*Work to be completed*
Copy exactly, and copy nothing else: the line that contains "Free download WCW" and all lines after it in the listing, without pictures.

*Given material*
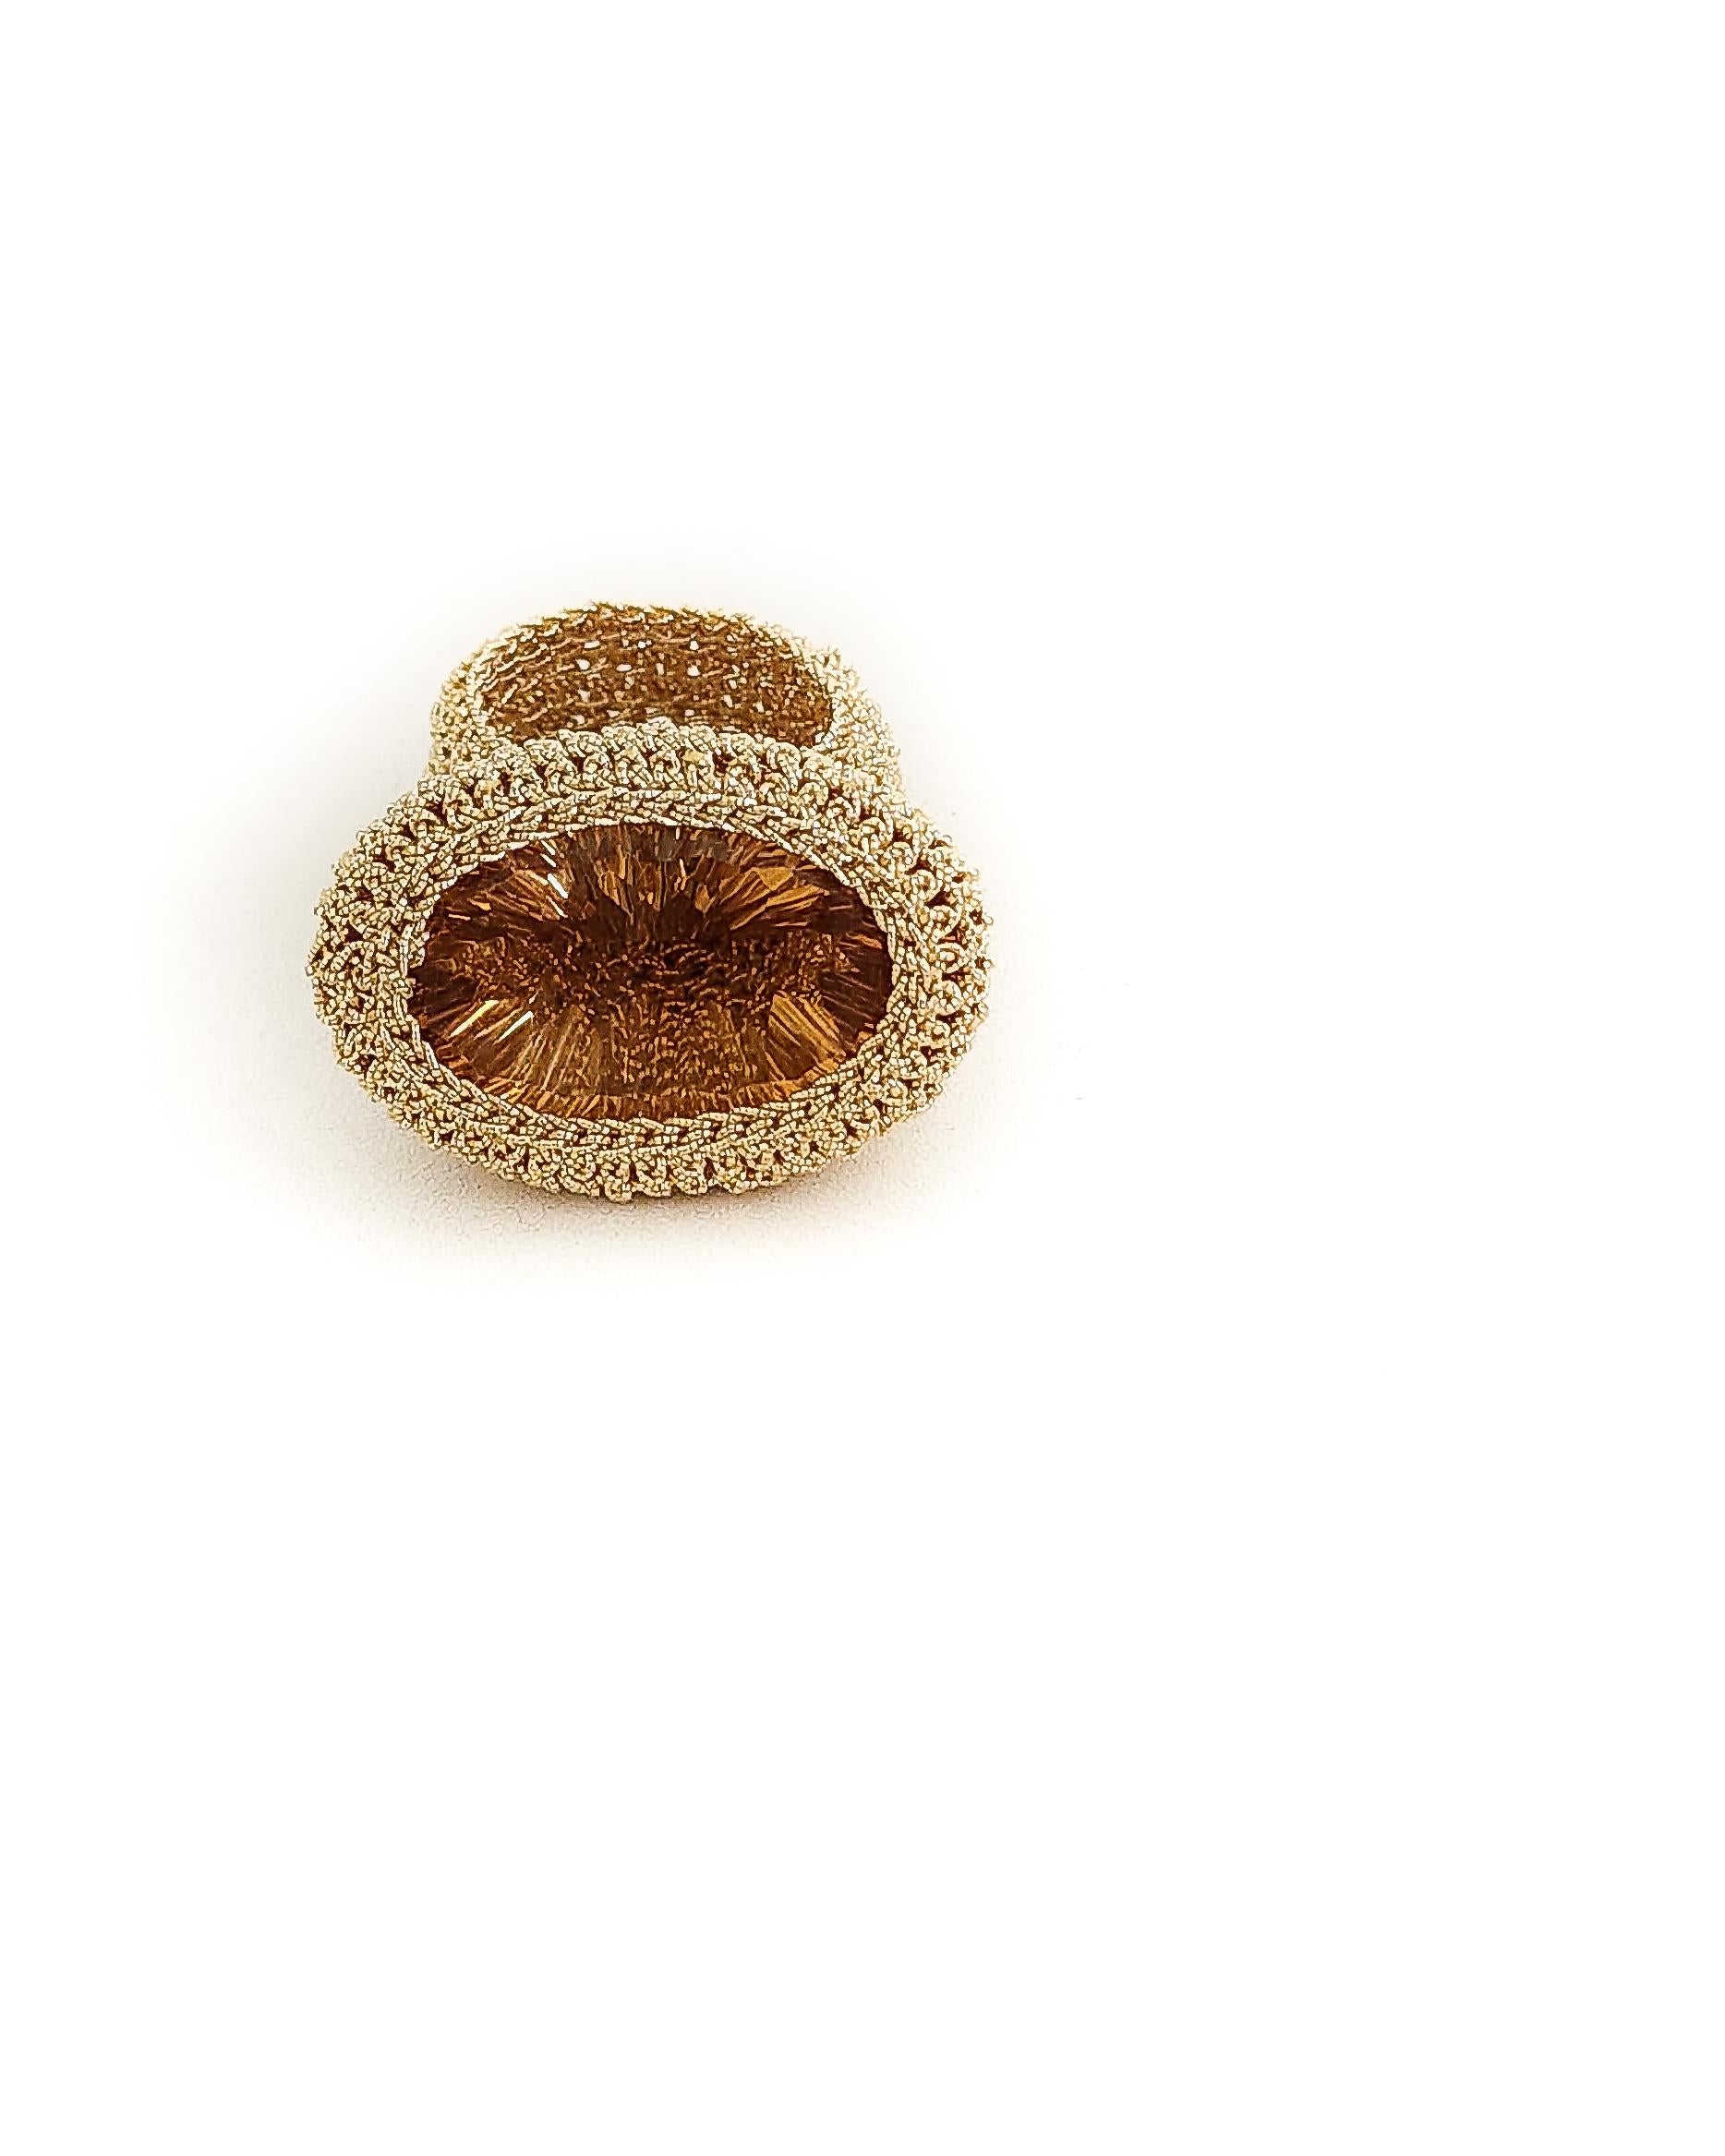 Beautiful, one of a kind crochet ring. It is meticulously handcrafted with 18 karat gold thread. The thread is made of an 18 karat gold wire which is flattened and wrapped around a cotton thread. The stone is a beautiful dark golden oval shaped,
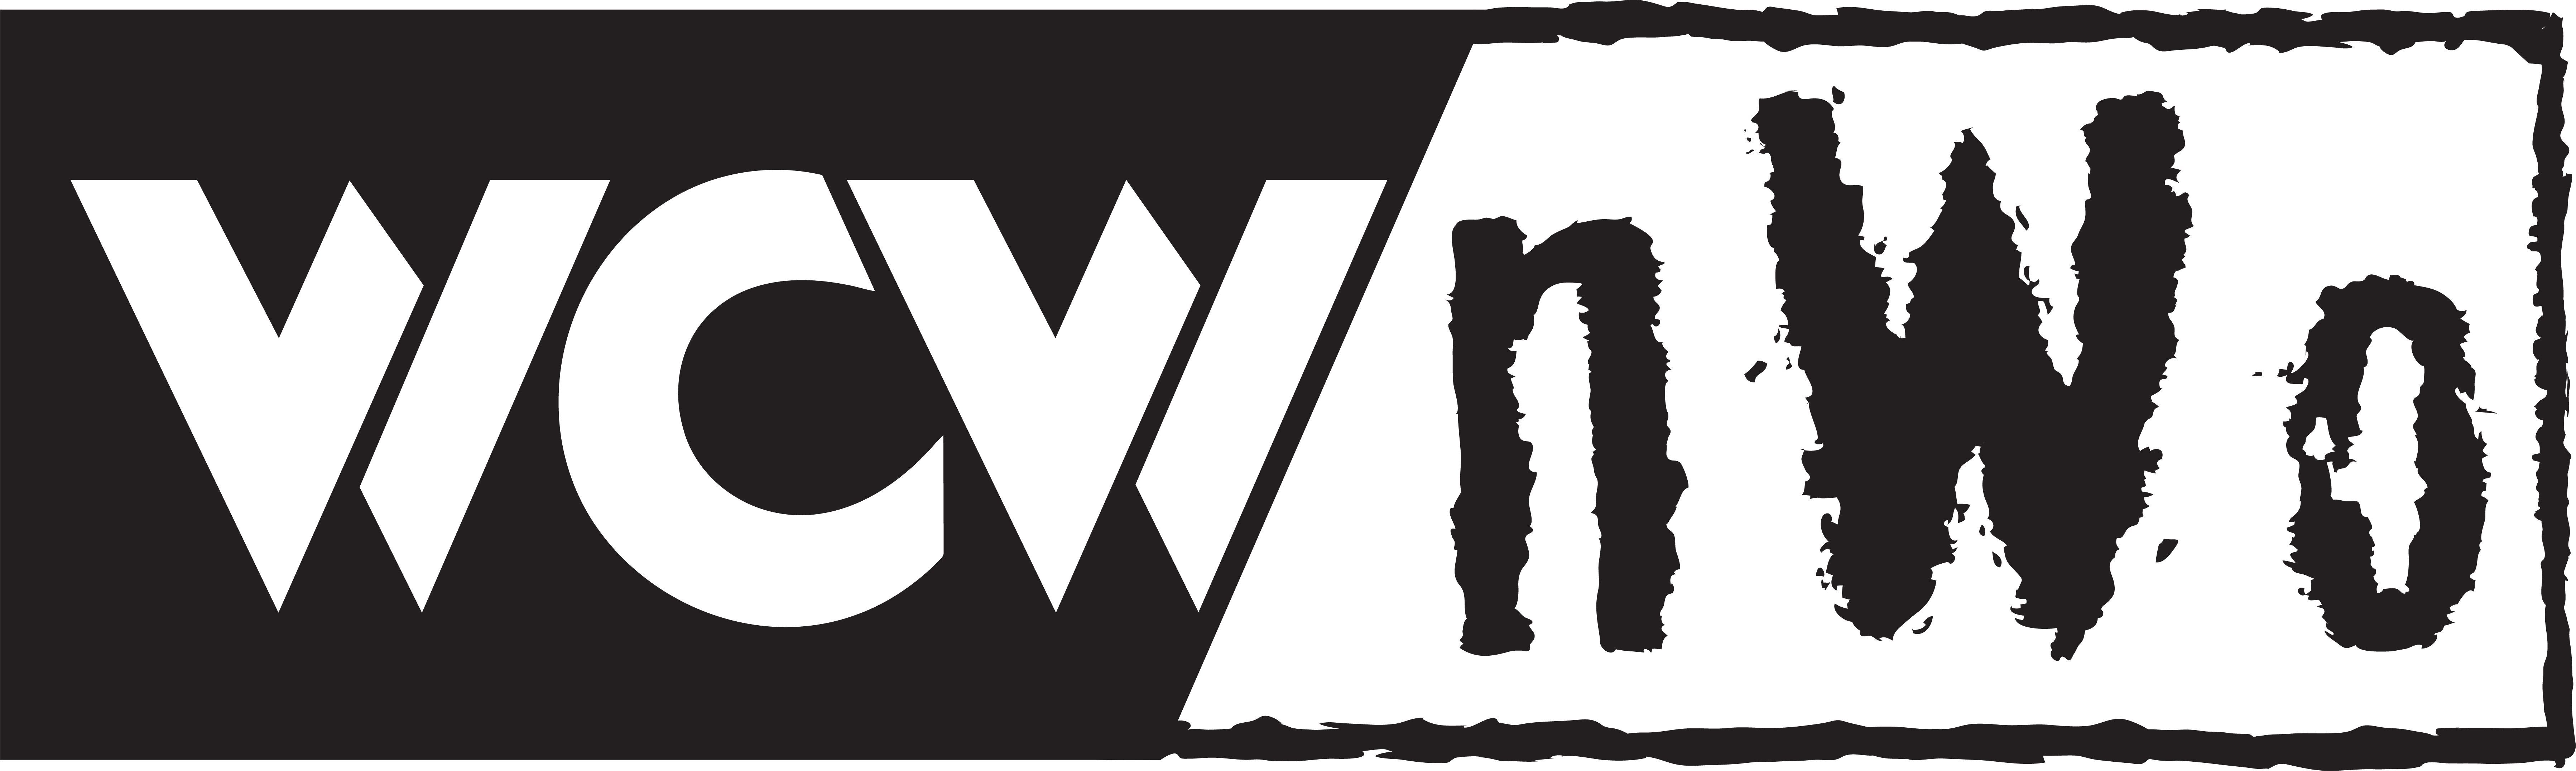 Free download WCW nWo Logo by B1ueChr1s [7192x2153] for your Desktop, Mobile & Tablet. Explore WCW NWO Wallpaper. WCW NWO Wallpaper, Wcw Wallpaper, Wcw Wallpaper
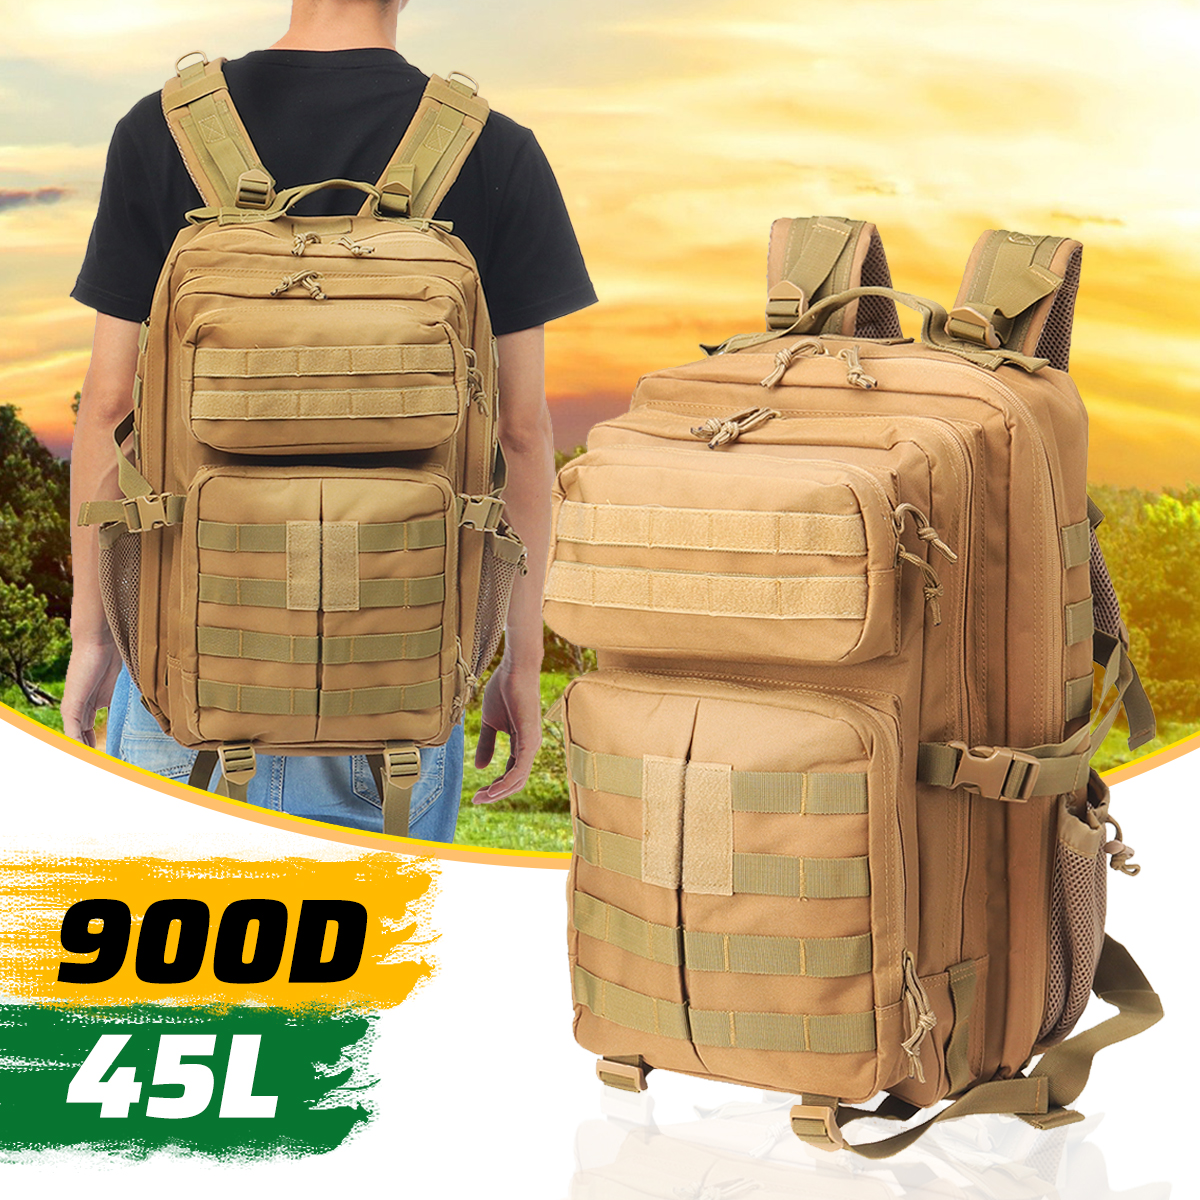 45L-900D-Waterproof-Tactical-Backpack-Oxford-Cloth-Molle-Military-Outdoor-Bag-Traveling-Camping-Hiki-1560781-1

*Response below*
 Free download WCW nWo Logo by B1ueChr1s [7192x2153] for your Desktop, Mobile & Tablet. Explore WCW NWO Wallpaper. WCW NWO Wallpaper, Wcw Wallpaper, Wcw Wallpaper
 45L-900D-Waterproof-Tactical-Backpack-Oxford-Cloth-Molle-Military-Outdoor-Bag-Traveling-Camping-Hiki-1560781-1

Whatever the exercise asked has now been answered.